## Listed records
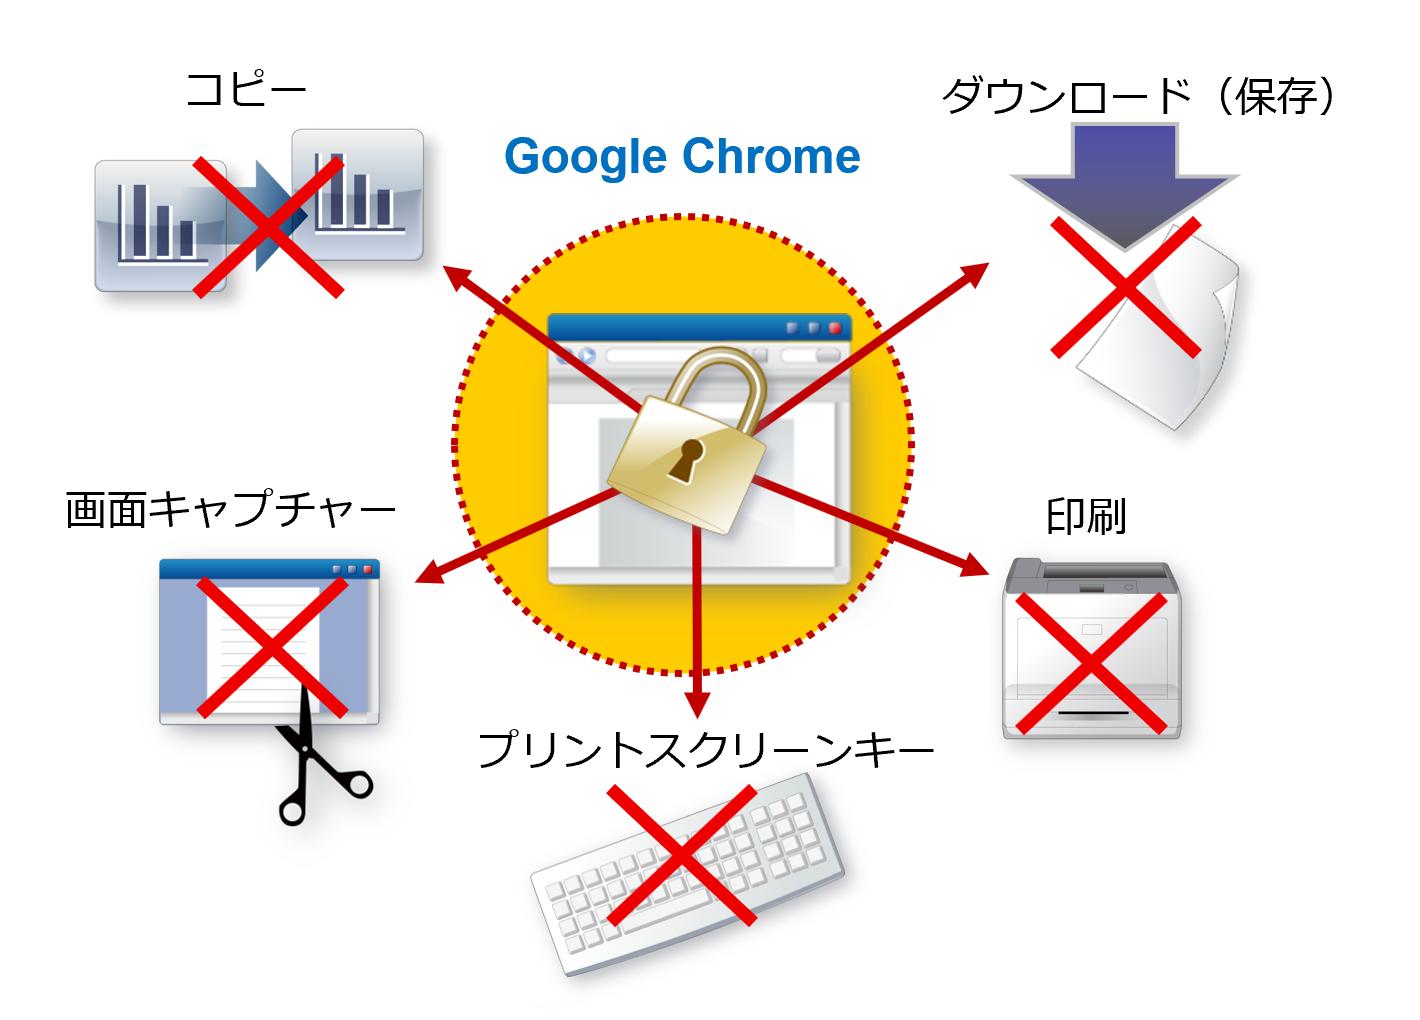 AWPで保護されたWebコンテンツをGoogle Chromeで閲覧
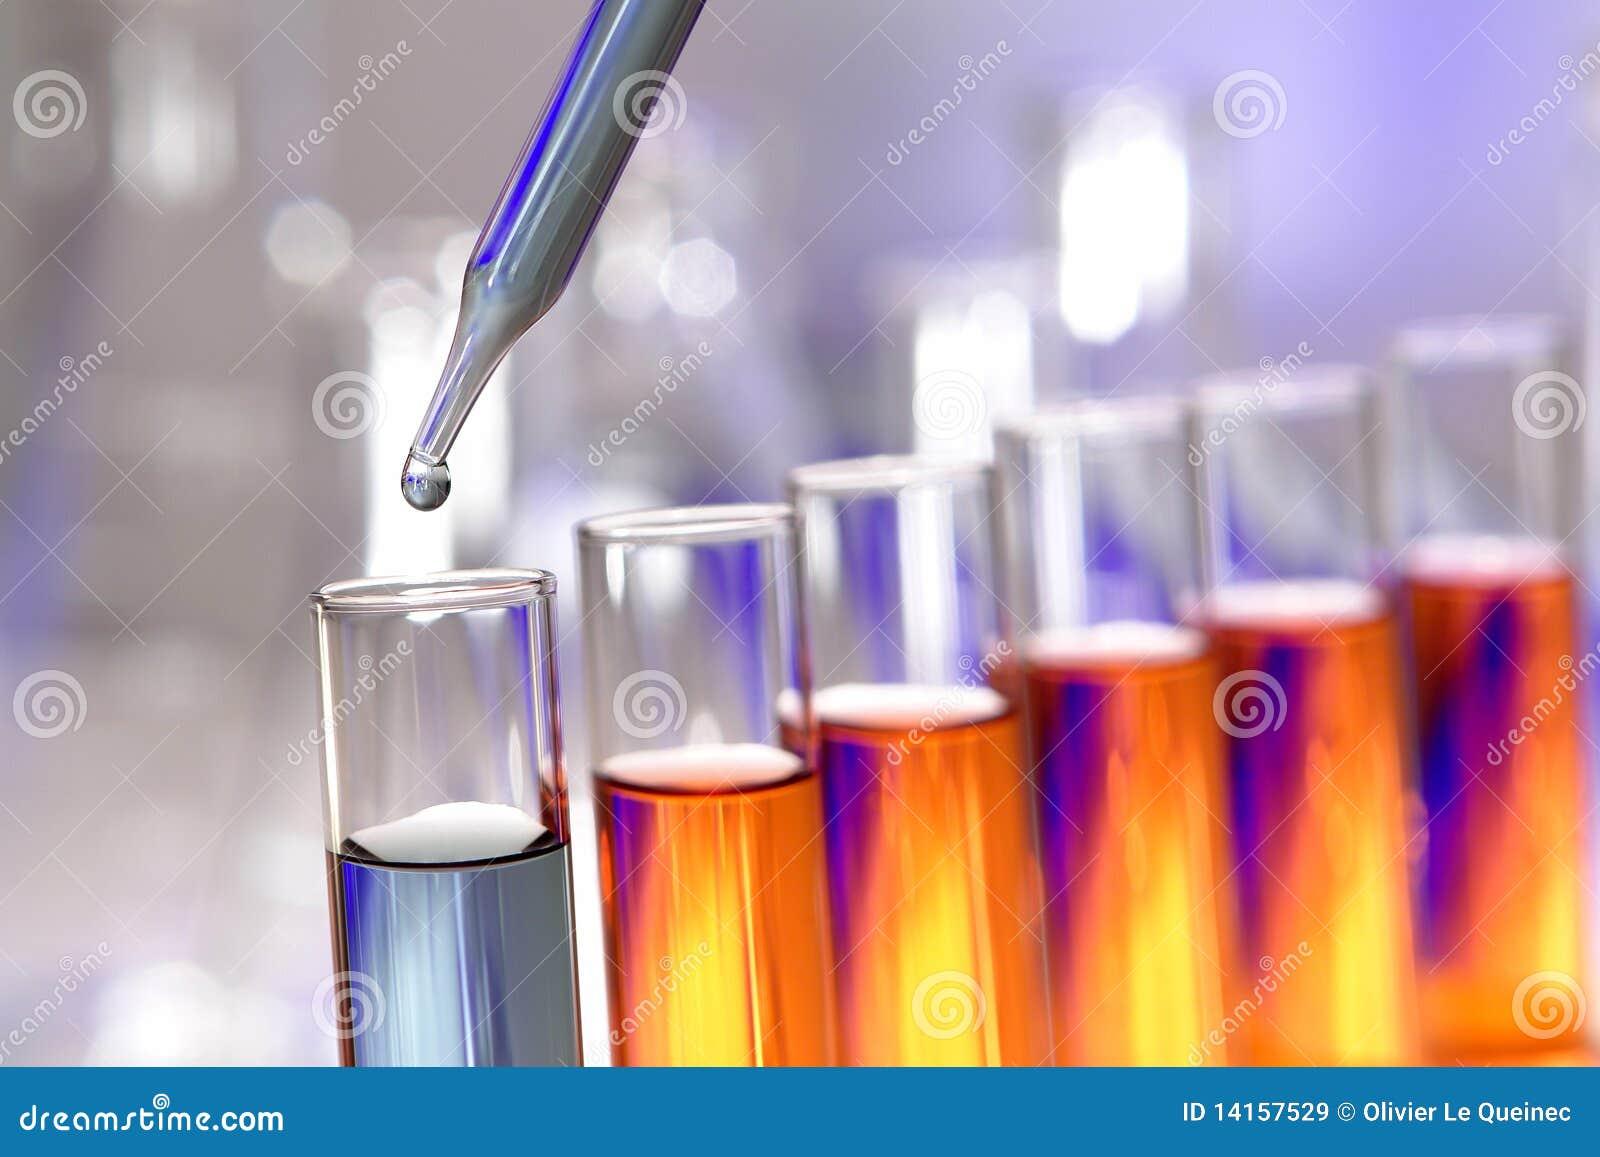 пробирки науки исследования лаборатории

==

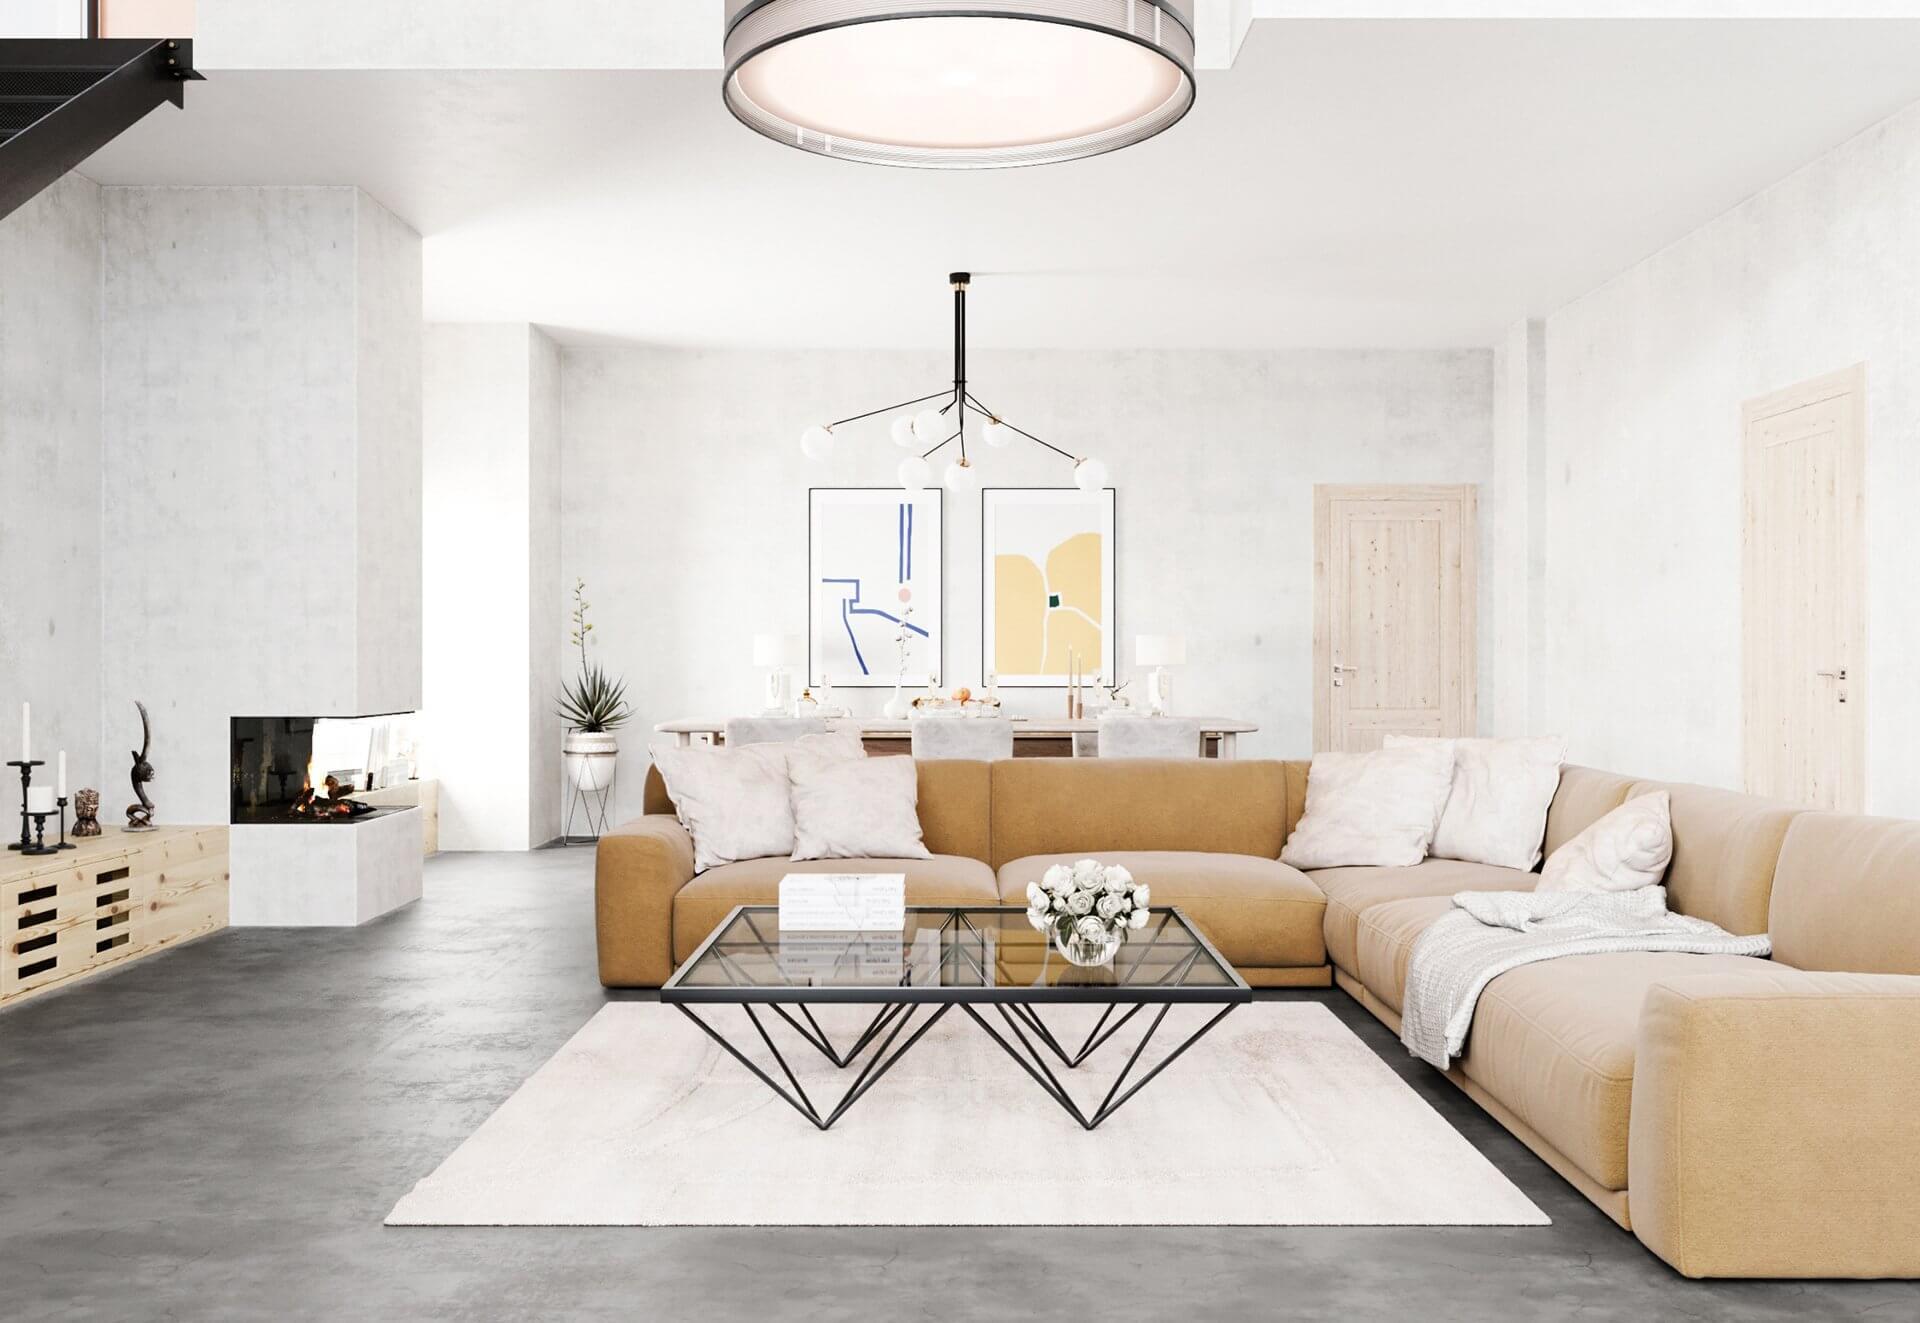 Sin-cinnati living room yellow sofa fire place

* * *

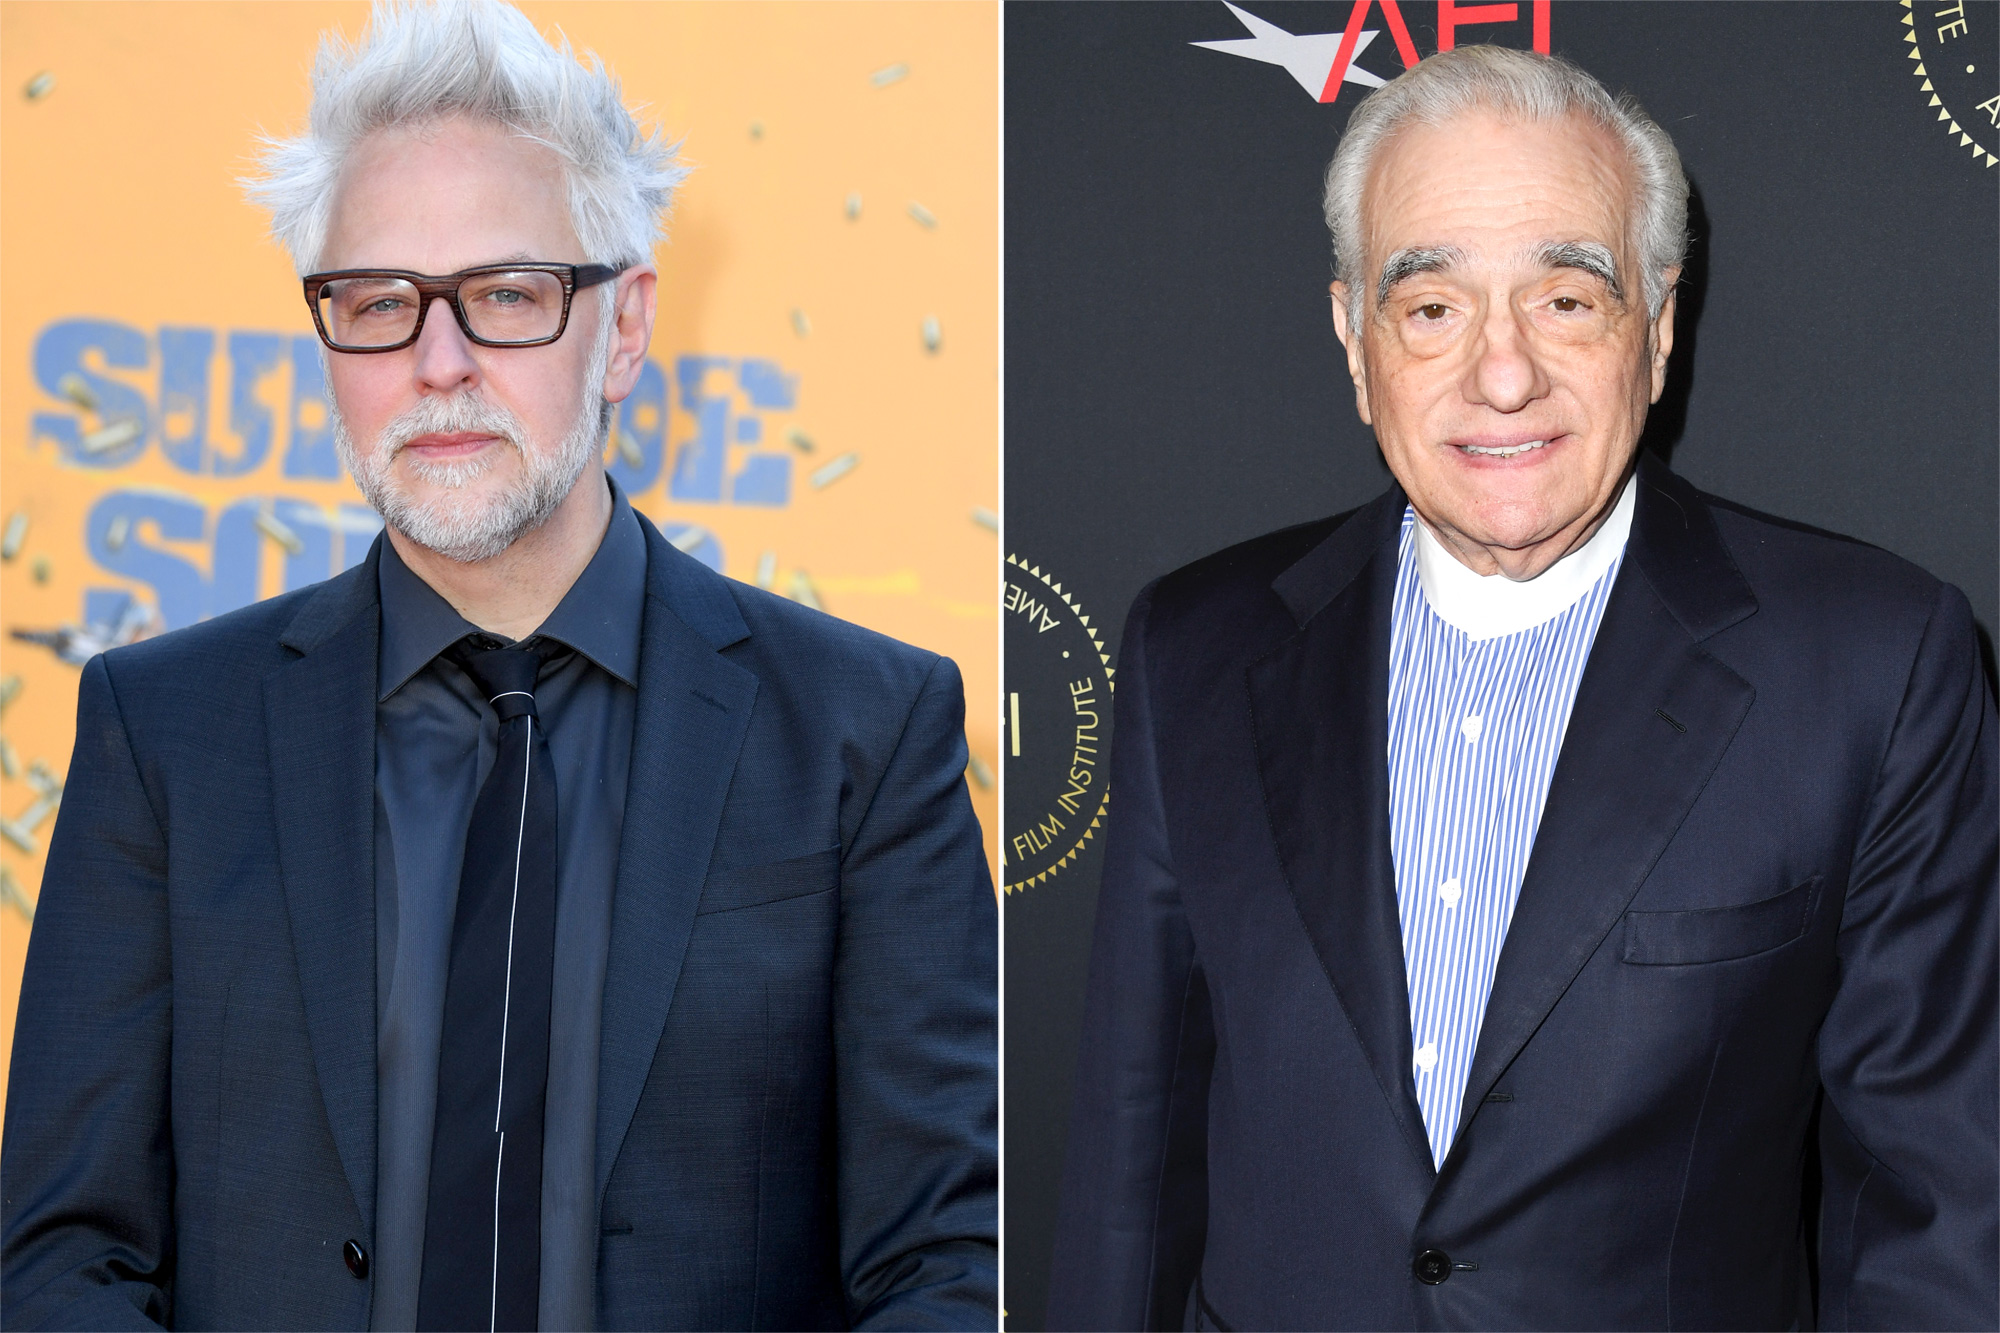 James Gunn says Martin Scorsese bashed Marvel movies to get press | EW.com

## Exercise
Pictures aside, print exactly the lines above starting with the one containing "AWPで保護されたWebコンテンツをGoogle Chromeで閲覧" and going on through the one containing "пробирки науки исследования лаборатории".

## Result
 AWPで保護されたWebコンテンツをGoogle Chromeで閲覧
 пробирки науки исследования лаборатории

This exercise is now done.